What’s really happening, however, is much different than what India says. Pakistan is being used as a scapegoat for covering up New Delhi’s many failings towards its former satellite state just like Washington does in Afghanistan, interestingly representing yet another example of the American hegemon’s influence rubbing off on its new South Asian ally. Left out of the Indian media narrative about Nepal is that New Delhi de-facto blockaded the Himalayan country in 2015 as a form of indirect protest against its promulgated constitution at the time, which India feared would diminish the political influence of the Madhesi people who are considered to be under the sway of their much larger southern neighbor. This unexpectedly aggressive action prevented Nepal from receiving much-needed supplies from the outside world, thereby catalyzing a domestic crisis that dangerously veered on the edge of civil war before China urgently dispatched humanitarian aid to the beleaguered nation, setting into motion Kathmandu’s geopolitical recalibration.
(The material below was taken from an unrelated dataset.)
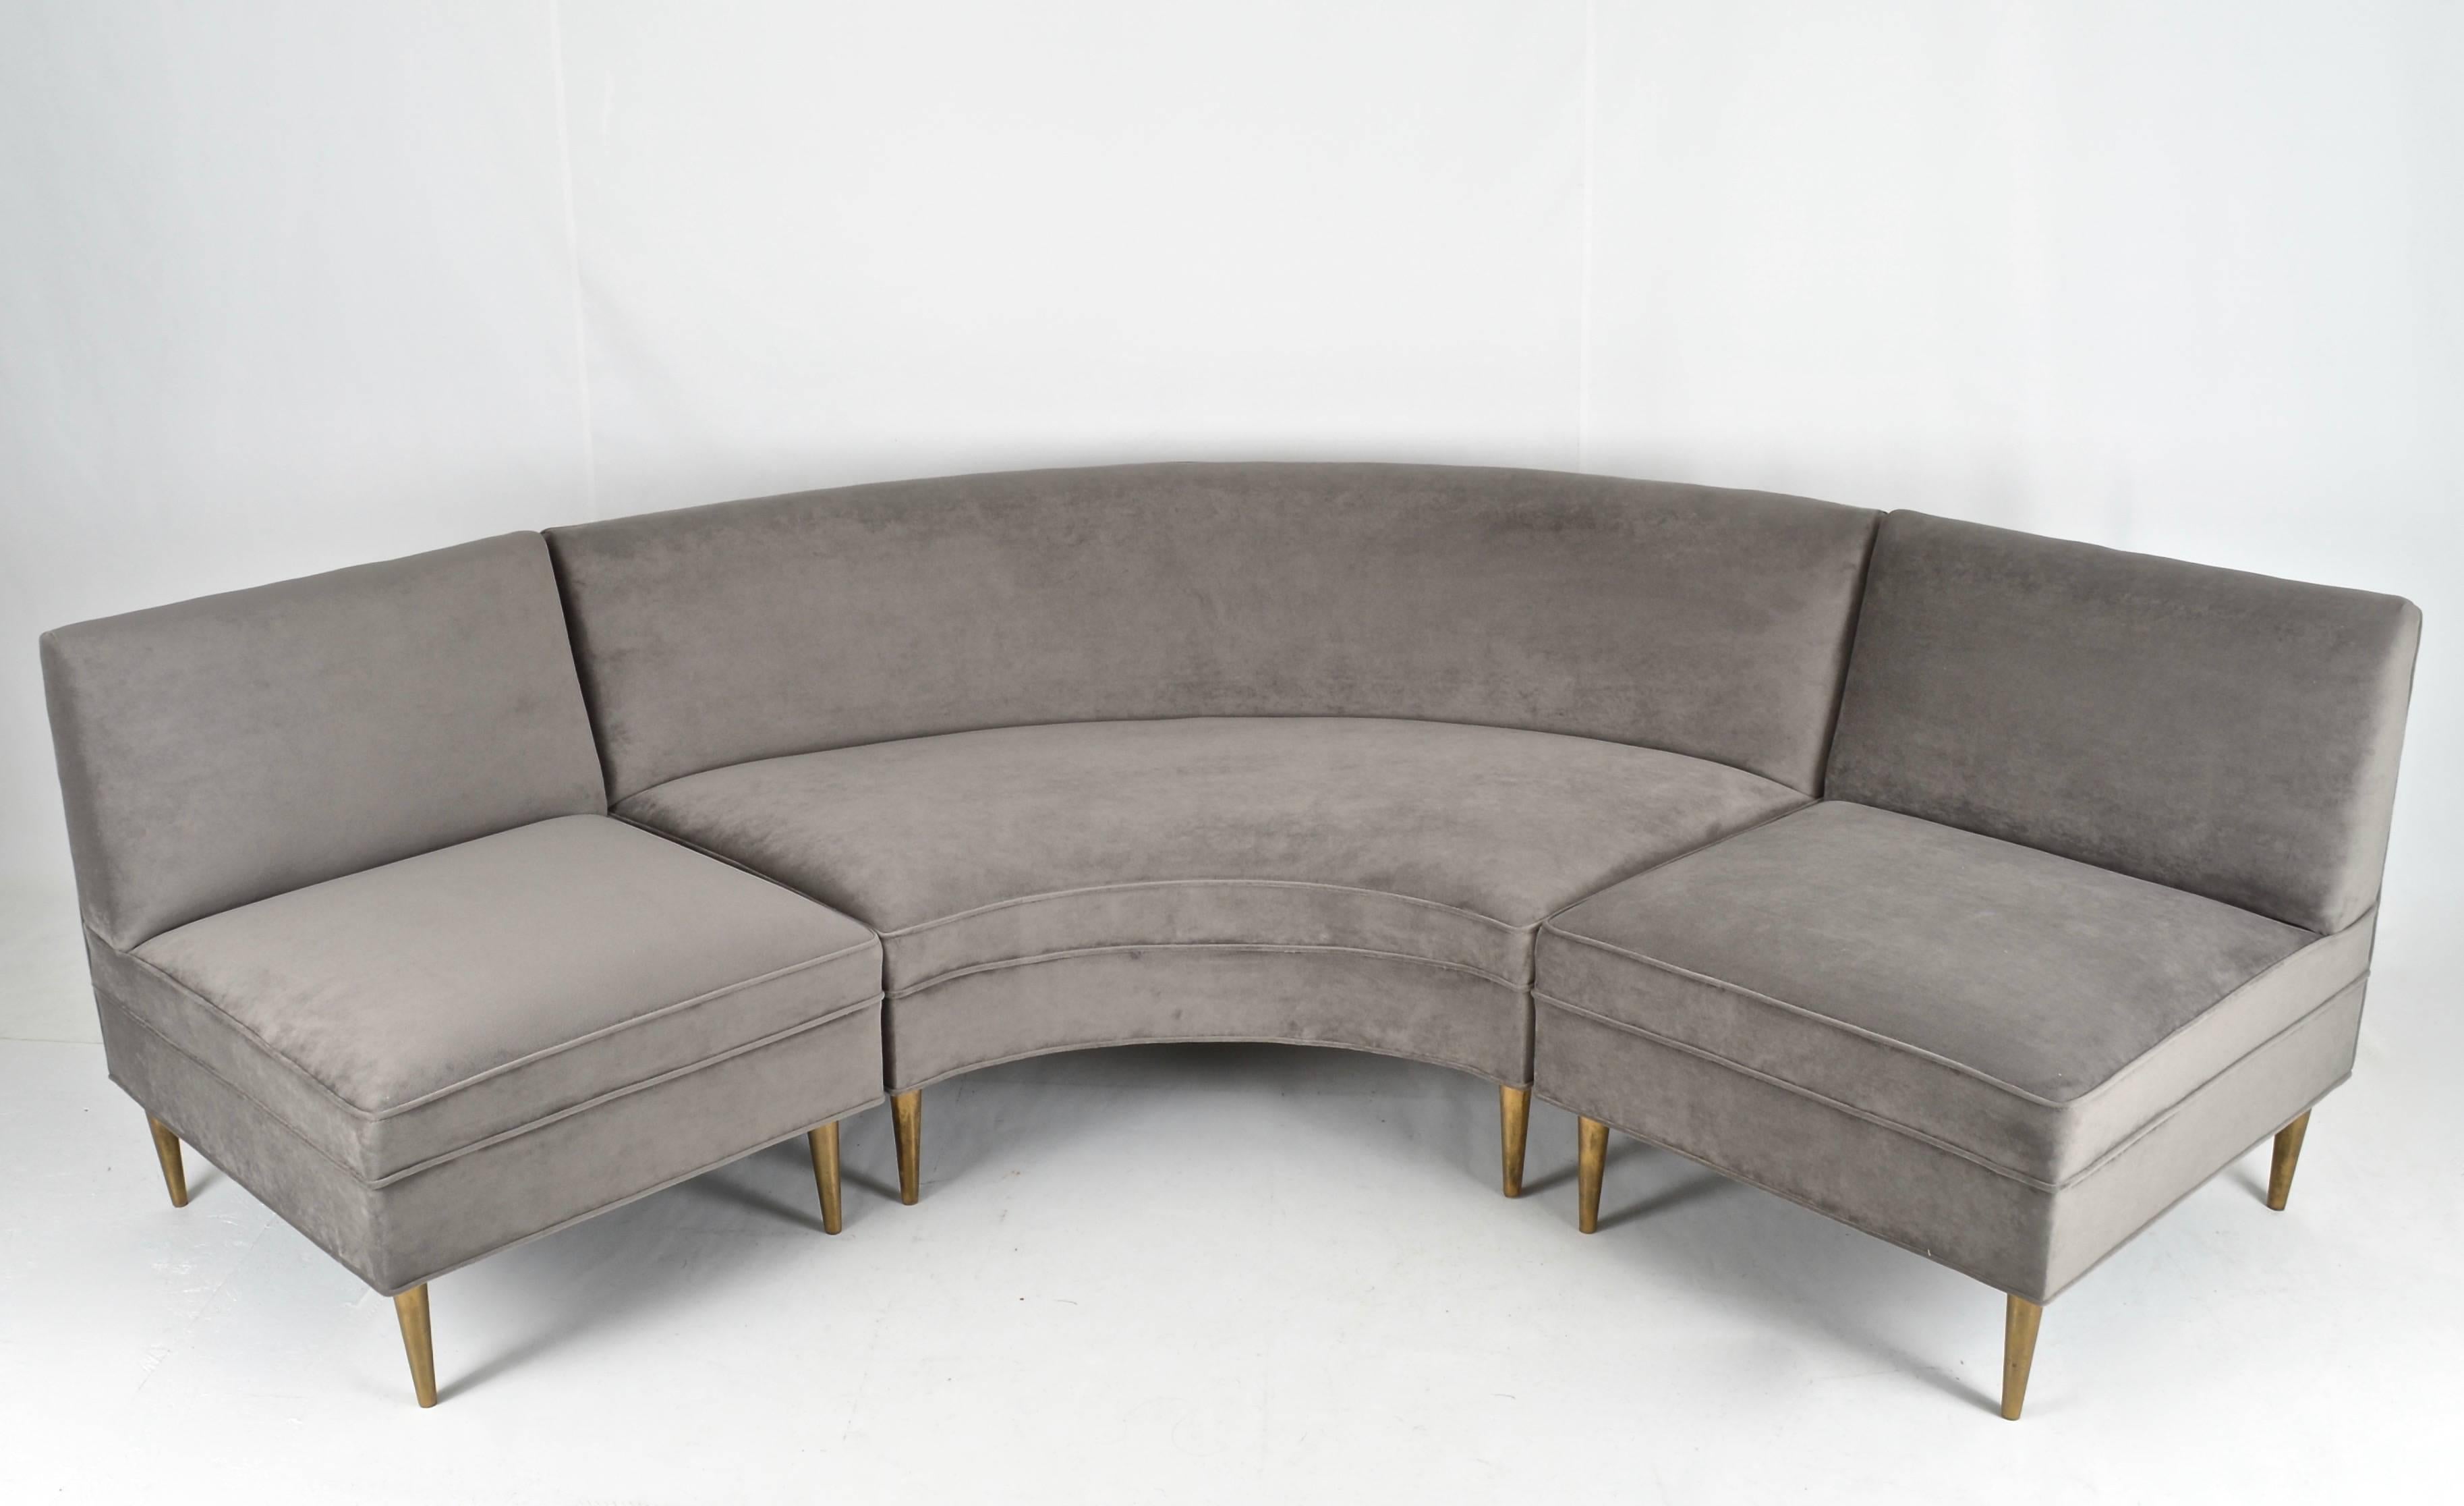 Wonderful scale on this relatively petite sofa. Tight seat and back, reupholstered in taupe velvet. Gold-finished metal legs with sophisticated tapered form.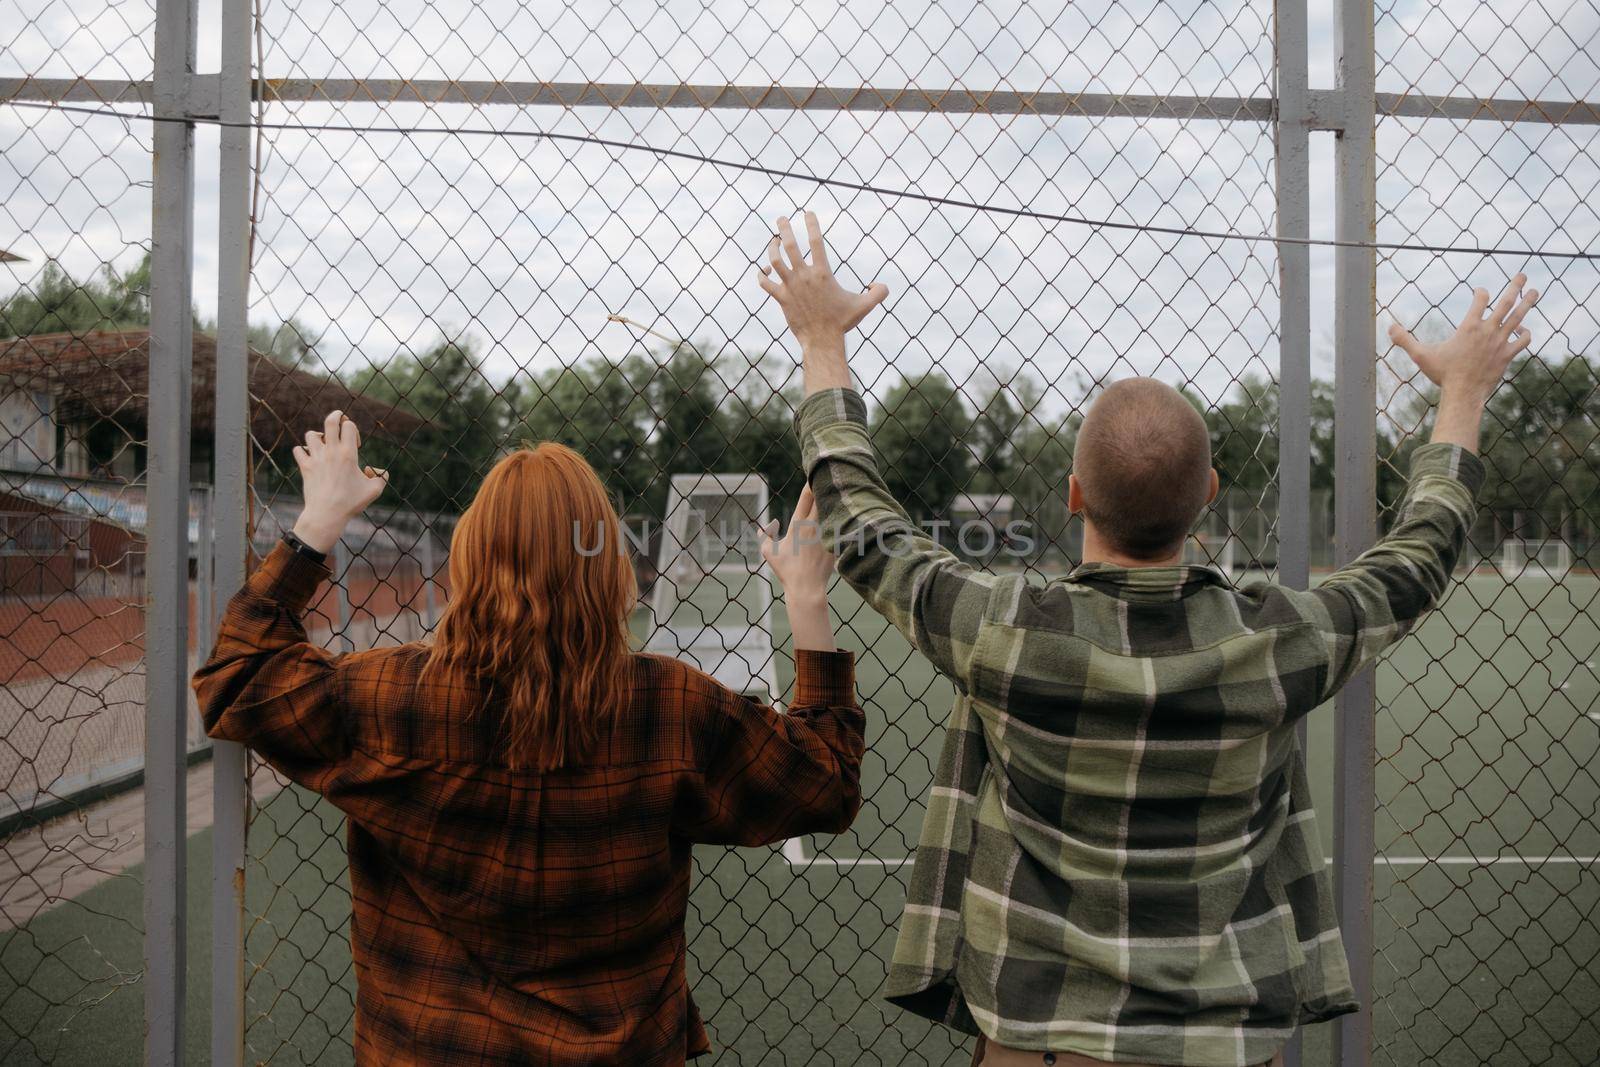 a guy in green and a girl in red stand near the fence and hold on to it with their hands

Nepal is now “balancing” between its Indian and Chinese neighbors after finally liberating itself from the former’s neo-imperial grasp following the events of three years ago, though this has undoubtedly caused New Delhi to seethe with jealousy due to the “zero-sum” mentality that dominates its decision makers’ perspective on International Relations. Indian media is full of stories fearmongering about how Nepal is allegedly becoming a Chinese ‘forward-operating base’ that presents a latent threat to the country’s largest province of Uttar Pradesh, with pundits now describing the porous border between the two previously “fraternal” nations as a serious security issue. For as afraid as India is of what it claims is China’s “creeping influence” in Nepal, its leadership is still scratching its head over how this all happened, unable to countenance that their own policies are entirely responsible for this unprecedented pivot in one of the world’s most geostrategically significant states.

Seeing as how India and China are making a public show out of their supposed “rapprochement” with one another for what can be assumed is a mutually agreed-upon bid to increase their respective leverage with the US, New Delhi can no longer obsess over Beijing’s influence in Nepal and accordingly decided to drag China’s all-weather ally Pakistan into this infowar campaign. It’s important to keep in mind that India’s general election is next year and that the ruling BJP Hindutva ideologues plan to play the tried-and-tested card of communal politics in order to win reelection. That’s why the “ModiMobs” (the author’s neologism for BJP-backed rioters) are converging on Karnataka’s Sabarimala temple after the Supreme Court ruling that allowed women of all ages to enter the religious site, as well as why the authorities are preparing to provocatively construct a Hindu temple on the site of a mosque in Faizabad (now renamed to “Ayodhya”) that was destroyed by rioters in 1992.

A thought-provoking but little-noticed observation outside of South Asia is that constitutionally secular India is plagued by Hindutva mob violence much more often – and to a deadlier extent – than Pakistan (a constitutionally Islamic Republic) suffers the same from its Islamist variant, though people outside of the region could be forgiven for not knowing this due to the Mainstream Media’s double standards when it comes to reporting on these two countries’ domestic disturbances. India, by dint of its government’s propagandistic sloganeering about being the “world’s largest democracy” and its recent military-strategic alliance with the US, isn’t held to account for any of this while Pakistan is spit upon by the global press for comparatively more minor incidences. Knowing this, India expects that the anti-Pakistani narrative that it’s propagating in Nepal at this specific time will be picked up by international media to further smear its rival’s reputation, as well as contribute to fanning the flames of communal tension at home that the BJP expects will earn it reelection next year.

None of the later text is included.